US Treasury Chief: China Must Take Lead in De-escalating Trade Tensions

Scott Bessent, Secretary of the Treasury, has made it clear that easing current trade tensions is the responsibility of China. In an interview with CNBC's Squawk Box, Bessent explained that the trade relationship between the US and China is heavily tilted in China's favor, with it selling five times more goods to the US than it gets in return. He highlighted the steep tariffs, 120% to 145%, are unsustainable and suggested that China take some steps toward making the trade relationship a little more balanced. That, he said, would de-escalate the current situation, which is in China's best interest.
Market uncertainty has been heightened by President Donald Trump's announcement in early April of global tariffs affecting pretty much all trade partners. Although the metal tariffs have been put on hold for 90 days while negotiations are carried out, the pressure is very much on for talks to produce something that all sides can live with.
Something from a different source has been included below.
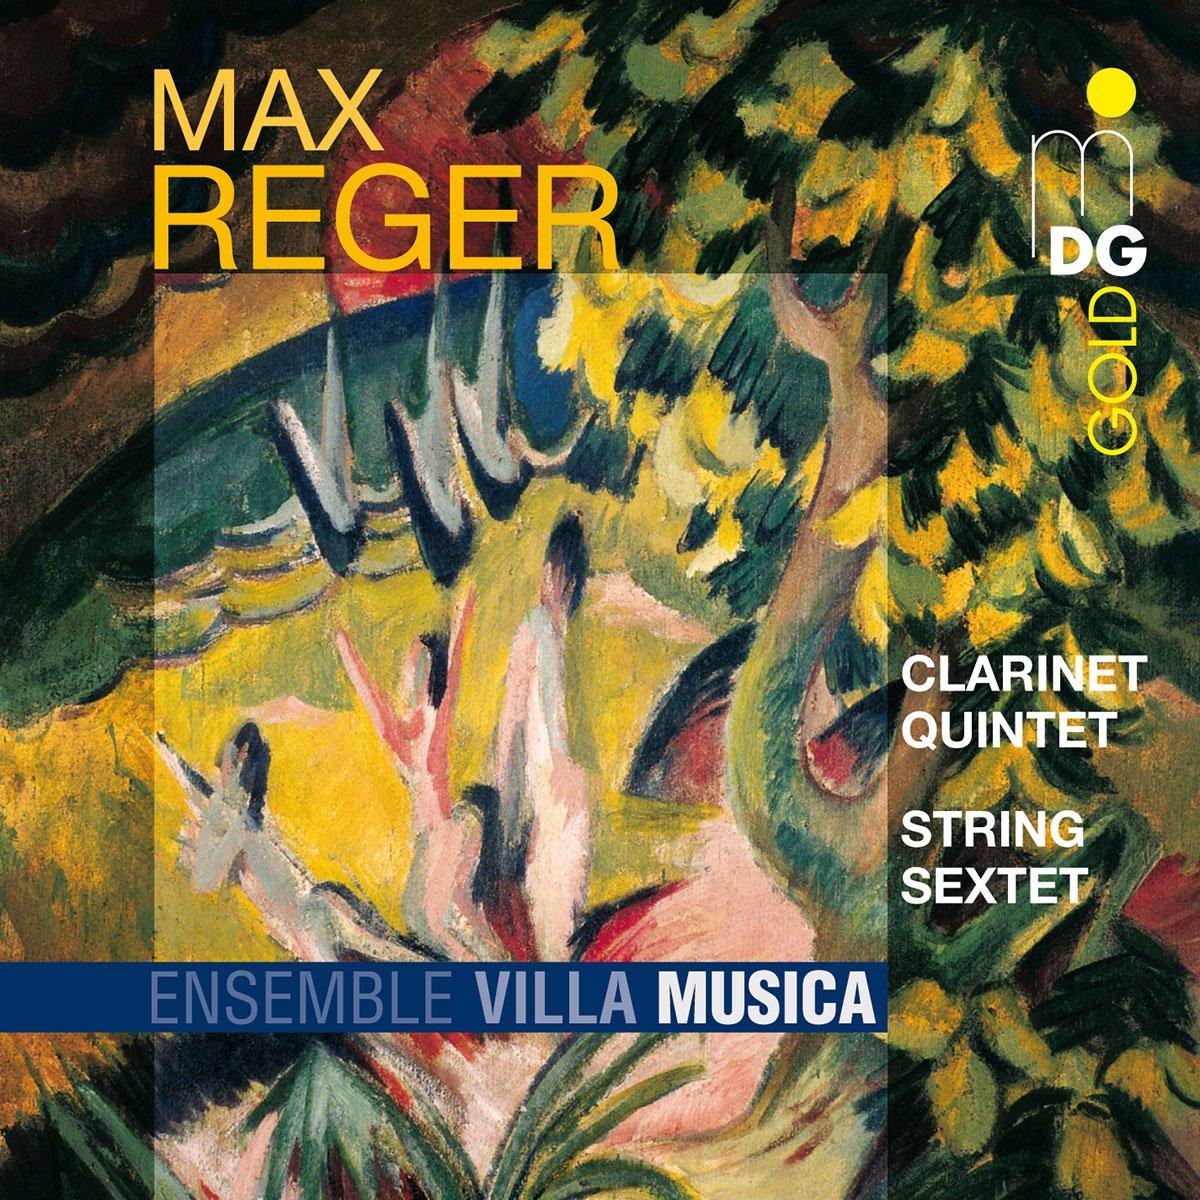 reger - Max Reger - Page 3 81JmryVXUmL._SL1200_

Signs of Progress with Other Trading Partners
Although there are many problems with China, Bessent had a much more optimistic view of our other trade partners. He said that the U.S. has been given very promising signals from a number of countries and expects to see new trade agreements with them very soon. One country he seemed to suggest could be a front-runner for announcing a deal was India. He indicated that developments concerning a trade agreement with India might be announced in the next few days.
Currently, about 15 to 18 major trading relationships are under negotiation. Bessent said that many countries have put forward very strong proposals, and the administration is taking a close look at them. His remarks suggest that even as the China situation looms large, steps taken with other countries could, in the end, serve to cushion the U.S. economy.
Europe Grapples with a Strong Euro
Focusing on Europe, Bessent proposed that the region's monetary policymakers are expressing heightened concern over the euro's strength against the U.S. dollar. Since the onset of 2014, the euro has appreciated almost 10%, reversing dangerously close to parity levels in early January, not to mention the sort of levels that almost got European leaders to endorse currency interventions back in 2012.
He forecast that the European Central Bank might have to reduce interest rates to combat the euro's ascent. While the US keeps a strong-dollar policy, European countries are probably looking for ways to maintain their currency's value in a fast-changing global market.
The recent status of the trade discussions with China is a bit murky, and the White House has sent out some mixed signals. President Trump has suggested that the talks are indeed continuing, which China has refuted.